End of line for Bulldogs
Mississippi State's bid to return to Omaha and the College World Series will have to wait. The Bulldogs 2014 campaign came to a close Monday night with a 5-3 loss to top-ranked Louisiana-Lafayette in the champion-ship game of the Lafayette Regional. The Ragin' Cajuns (57-8) plated three runs in the third inning -- two on wild pitches -- and made it hold up to advance to host a super regional against Ole Miss this weekend.
 
SEC teams fall flat in regionals
The SEC. The Swift Exit Conference. Surprisingly Early Closing to the season. Suddenly Everybody's Confused about the SEC after the regional round of the NCAA baseball tournament concluded Monday. The SEC, which just a week ago had 10 teams selected for the field of 64 (the most any one conference had ever had), now has just two teams remaining. Since 1990, nine SEC schools have won a national title; seven have finished as runners-up.
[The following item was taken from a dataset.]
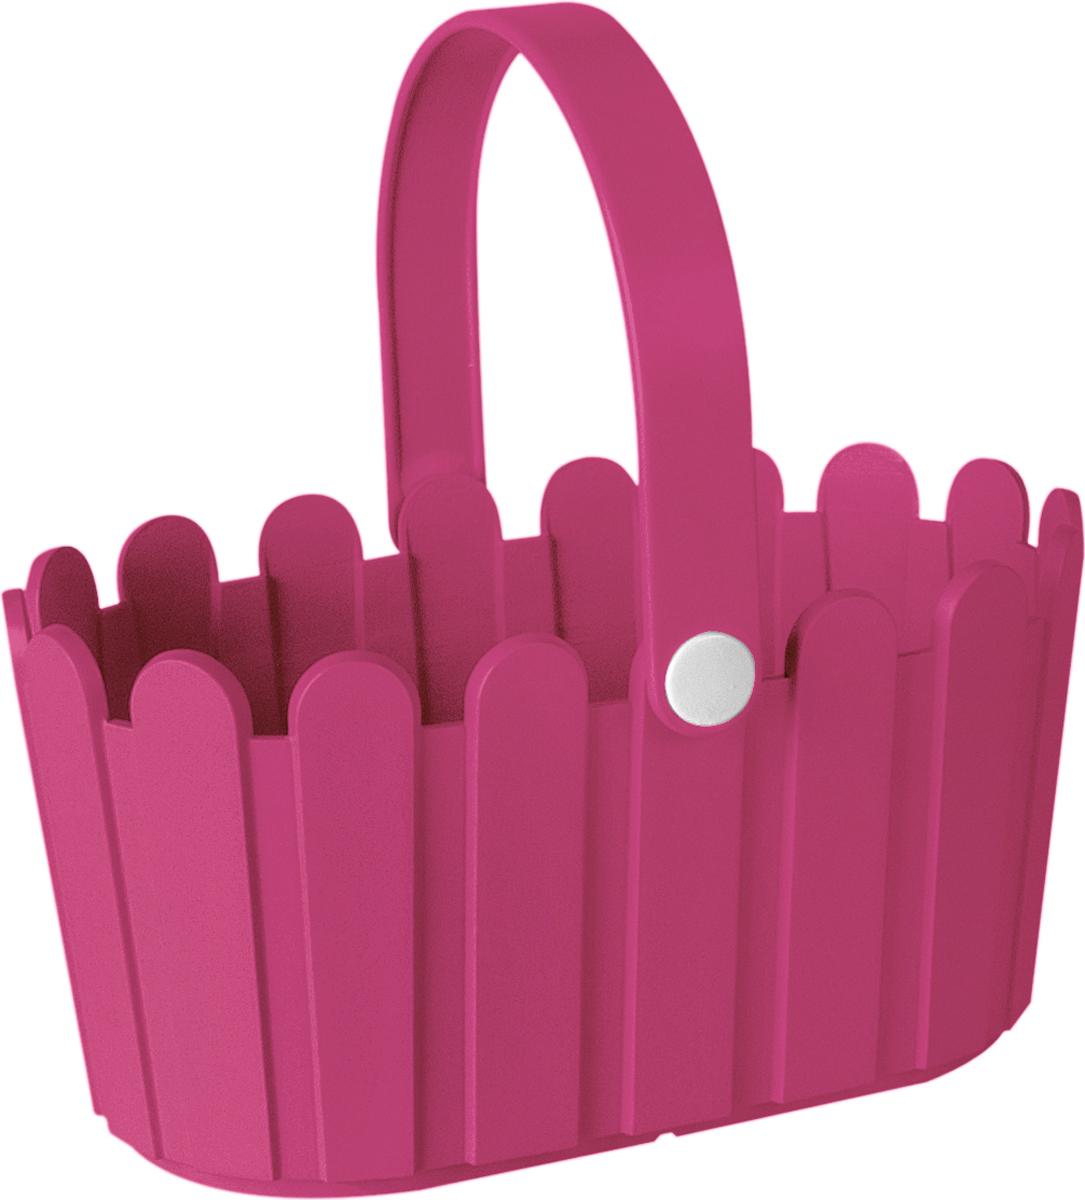 Кашпо Emsa Landhaus Basket, цвет: ярко-розовый, 28 х 18 см ящик балконный emsa landhaus цвет темно зеленый 50 х 20 х 16 см

The last time no SEC teams made it to Omaha was 1992.
 
Examining the pros and cons of the SEC Network
The website getsecnetwork.com is the equivalent of a slightly agitated crowd of fans who are protesting. For now, they are merely carrying posters and behaving in a somewhat restrained fashion toward DirecTV and Comcast, companies that have not reached deals to carry the SEC Network when it launches Aug. 14. But come Aug. 14, if DirecTV and Comcast have not signed on to carry the Southeastern Conference's new regional sports network because of the cost of the programming, the fans of Bulldogs, Tigers, Gators and the rest will not be happy. The fans will lose restraint and demands will become actions: They just might cancel their service.
 
The Courting of Marvin Clark: Inside colleges' pursuit of a future star
Marvin Clark Jr. was sold. Fresh off a recruiting visit to the University of Oregon two years ago, he was convinced he wanted to play there. A year ago, Mr. Clark made it official, committing to the Pac-12 program over more than a dozen other suitors. Around the same time, he had surgery to repair a fractured foot, forcing him to miss several months on the court. The week he returned to the court, two Oregon coaches visited him there. It was his first game back, and it showed. After the game, he says, the coaches started to walk out of the gym without offering a word. That night Mr. Clark hardly slept, fearing that he had lost his scholarship. The next day he called one of his coaches, who had been in touch with Oregon. Mr. Clark's instincts were right -- Oregon had moved on. But in the cutthroat world of recruiting, who is looking out for him?